Trying to use every social media platform going
To try and get the word out there as much as you can, you may think that you should get your content everywhere. Wrong. It is far more beneficial to get your content in places that your target market is, than just putting it out all over the shop. Work out the kind of person who is interested in your content and work out where to find them – don’t just push your work in people’s faces and expect them to love it.
Forgetting about old posts
Just because you wrote a post a year ago, that doesn’t make it irrelevant. People will still relate to what you’ve written. Ok, it may need a bit of updating – maybe your photography has improved or your writing style has changed – and that’s totally fine. Revitalise your old posts and continue to promote them – they were interesting once, they’ll be interesting again. I have a popular posts widget in my sidebar to really make the most of this, as new readers gradually come on site they may be completely unaware of previous posts that have been really popular in the past. It’s about encouraging people to spend more time on your blog, rather than just reading a post and heading off.
Again, it’s about encouraging people to spend more time on site. A website that is difficult to navigate doesn’t make people want to stay on it! Having clear categories, a search bar, clear font and an attractive layout are all easy ways of giving your visitors a better experience.
I’m actually quite bad for this. One thing I’ve noticed that a lot of great bloggers have is set posting days, i.e. they will post on a Wednesday and a Sunday and therefore their readers know when to expect new content. However, I mostly work on a creative basis – when something comes into my head, I want to write about it there and then and to be honest, I don’t really want to change that. But. What I do think is important is not posting every day for a week and then putting nothing out for three weeks.

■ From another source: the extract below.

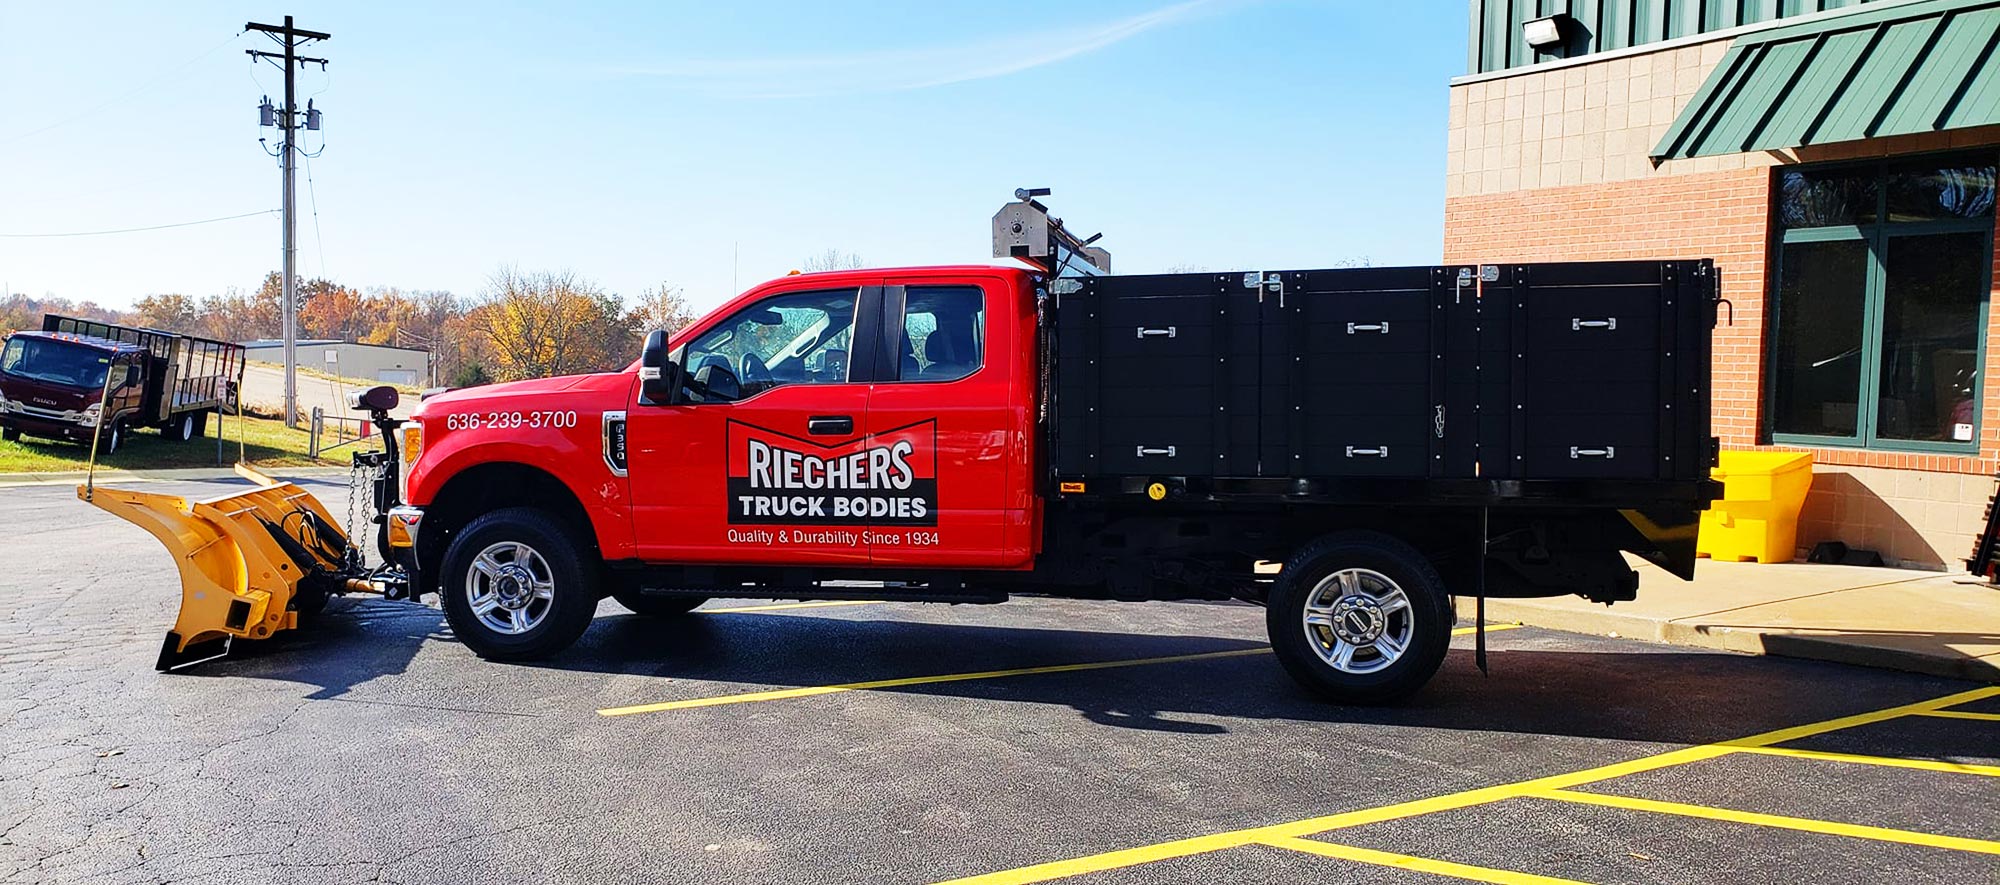 Riechers branded truck
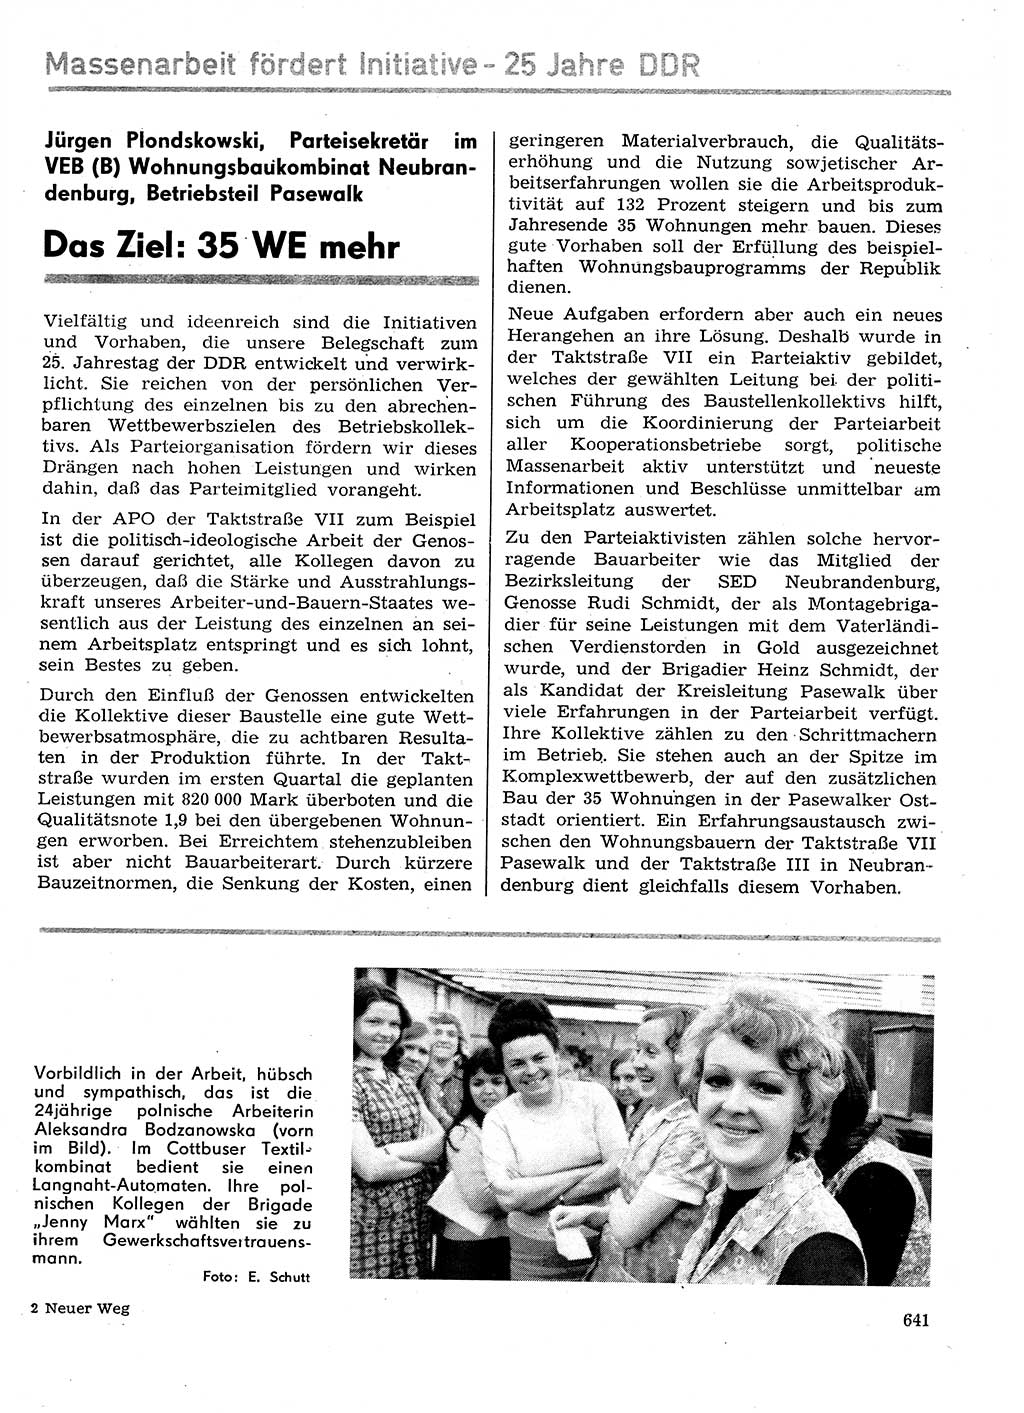 Neuer Weg (NW), Organ des Zentralkomitees (ZK) der SED (Sozialistische Einheitspartei Deutschlands) für Fragen des Parteilebens, 29. Jahrgang [Deutsche Demokratische Republik (DDR)] 1974, Seite 641 (NW ZK SED DDR 1974, S. 641)

This all said, one of the worst things you can do in a bout of bloggers’ block is pressurise yourself. It only means you get stuck in a rut. You end up writing for the sake of writing and not producing the content that you want to be producing, or content that you’re not happy with. This will only make you feel worse – believe me, I know. We’ve all done it and we’ve all learnt from it.
Comparing yourself to other, larger bloggers
Another thing I’m a bit guilty of. It’s so hard not to but it’s important to not let yourself get bogged down by the opportunities everyone else seems to be getting. Everybody started somewhere.
Buying followers to keep up with other, larger bloggers
There’s been loads of stuff about this going around lately but I couldn’t not include it. When you see other bloggers getting opportunities with large brands – brands that you want to work with – it can be disheartening. One way to completely ruin this is buying followers. It will ruin your reputation as a blogger. One of things you have to be in the blogging industry is honest.
Expecting views to come to you
To go far in blogging, you’ve got to work hard. If you want to do it because it seems easy or like you don’t have to do much, you’re very much mistaken. Being a blogger isn’t always easy and so if you don’t love it, don’t bother. Don’t expect to do a bit of SEO and watch the page views come rolling in. You have to market yourself and your content in the same way you would a business. Setting goals and putting together plans to get there is very helpful, but remember to not beat yourself up about it.